Advanced Filter
Filter & SortFilter rows using one or more conditions combined with AND/OR logic and parenthesised grouping, keeping only the rows that match your criteria. This is the primary tool for subsetting data before analysis -- for example, selecting only a specific treatment arm, age range, or experimental condition.
When to Use
- You need to keep only rows matching specific criteria before running a statistical test (e.g., only female participants over age 30, or only samples from a particular batch).
- You want to combine multiple conditions with AND logic: for example, Age > 30 AND Group = "Treatment" AND Site = "London".
- You need complex logic with grouped conditions using OR: for example, (Region = "North" AND Sales > 100) OR (Region = "South" AND Sales > 200).
- You want to exclude outliers or invalid entries before analysis, such as removing rows where a quality score is below a threshold or where a required field is empty.
Required Inputs
- Column -- the column to filter on. You can add multiple filter rows to apply conditions on different columns simultaneously.

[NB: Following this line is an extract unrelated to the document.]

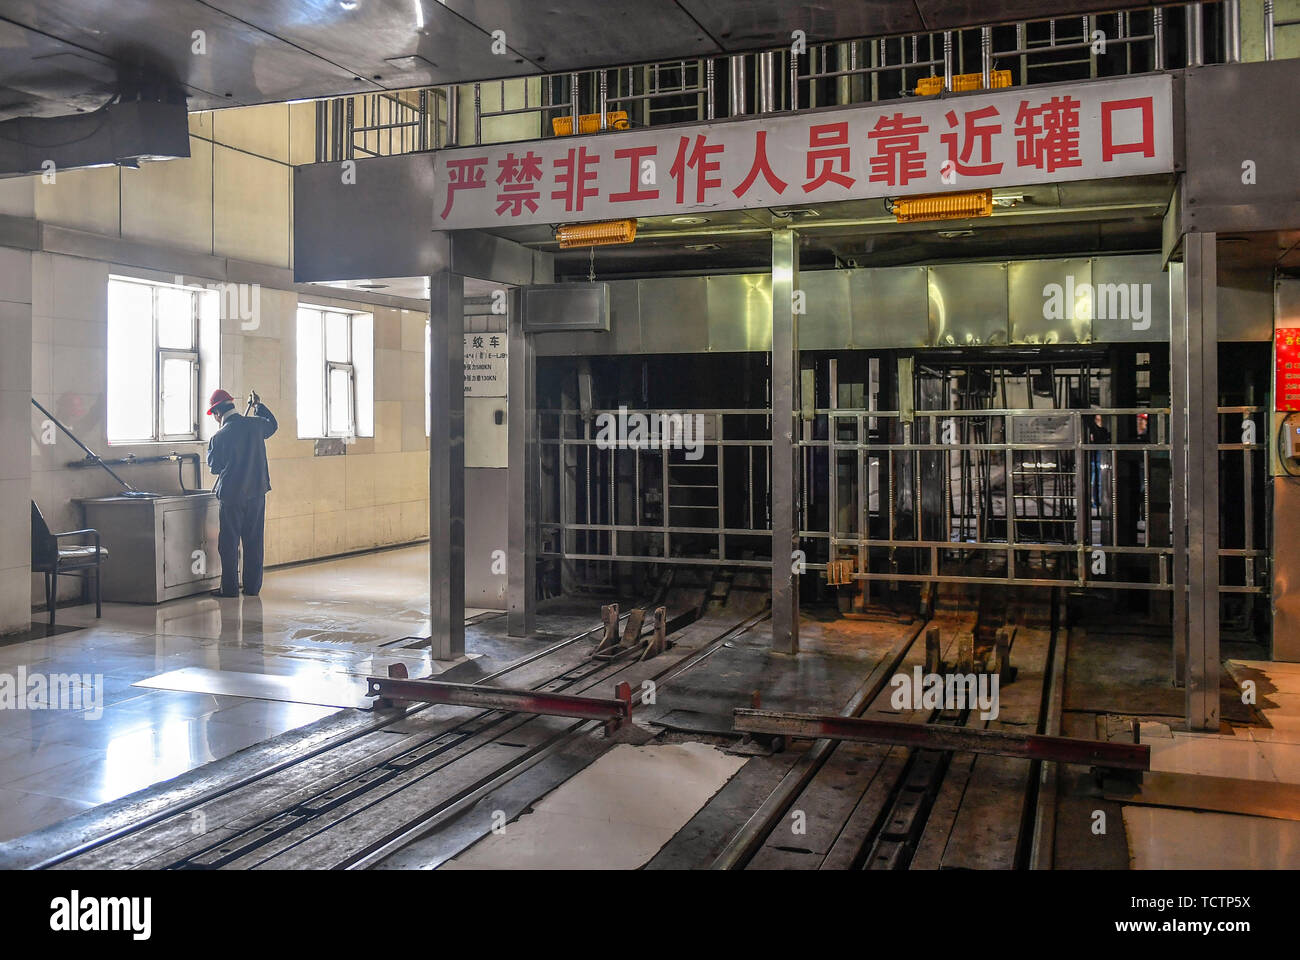 Changchun, China. 10th June, 2019. Photo taken on June 10, 2019 shows the coal mine's entrance at Longjiapu coal mining company in Changchun, northeast China. Nine people have been confirmed dead and 10 others injured following a rock burst late Sunday at a coal mine in Longjiapu, northeast China. The burst occured at around 8:00 p.m. at Longjiapu coal mining company and caused an earthquake measuring 2.3 on the Richter scale, according to local authorities. Credit: Xu Chang/Xinhua/Alamy Live News Stock Photo

- Operator -- the comparison type. Available operators include: equals, not equals, greater than, greater than or equal, less than, less than or equal, contains, starts with, ends with, is empty, is not empty, and matches regex.
- Value -- the comparison value to test each row against. Not required for the "is empty" and "is not empty" operators. For numeric comparisons, enter a number; for text comparisons, enter a string.
What Changes
- Row count decreases because rows that do not match the filter conditions are removed from the dataset.
- Column structure is preserved -- no columns are added or removed. The result has the same columns as the input.
- The operation is applied in place, replacing the current data. Undo is available to revert to the previous state if the filter was too aggressive or applied incorrectly.
- Row indices are reset after filtering. If you had row numbers as a column, those values are preserved, but the grid row positions change.
Common Pitfalls
- Applying numeric comparisons (greater than, less than) to a text column compares values lexicographically, which produces incorrect results for numbers stored as strings (e.g., "9" > "80" because "9" > "8"). Convert the column to numeric type first.
- String matching is case-insensitive by default. Toggle the "Aa" button to enable case-sensitive matching when the distinction matters (e.g., filtering gene names like "TP53" vs "tp53").
- Empty and missing values (NA, N/A, blank cells, NaN) are all treated as empty by the "is empty" operator. Use "is not empty" to exclude them, or be aware that numeric filters silently skip empty cells.
- When using OR logic between groups, make sure the parenthesised grouping is correct. (A AND B) OR C is different from A AND (B OR C).
Example: Before & After
Before
| Name | Age | Group |
|---|---|---|
| Alice | 28 | Control |
| Bob | 35 | Treatment |
| Carol | 22 | Control |
| Dave | 41 | Treatment |
→
After
| Name | Age | Group |
|---|---|---|
| Bob | 35 | Treatment |
| Dave | 41 | Treatment |
Filter: Group = "Treatment". Only the two Treatment rows are retained; Control rows are removed.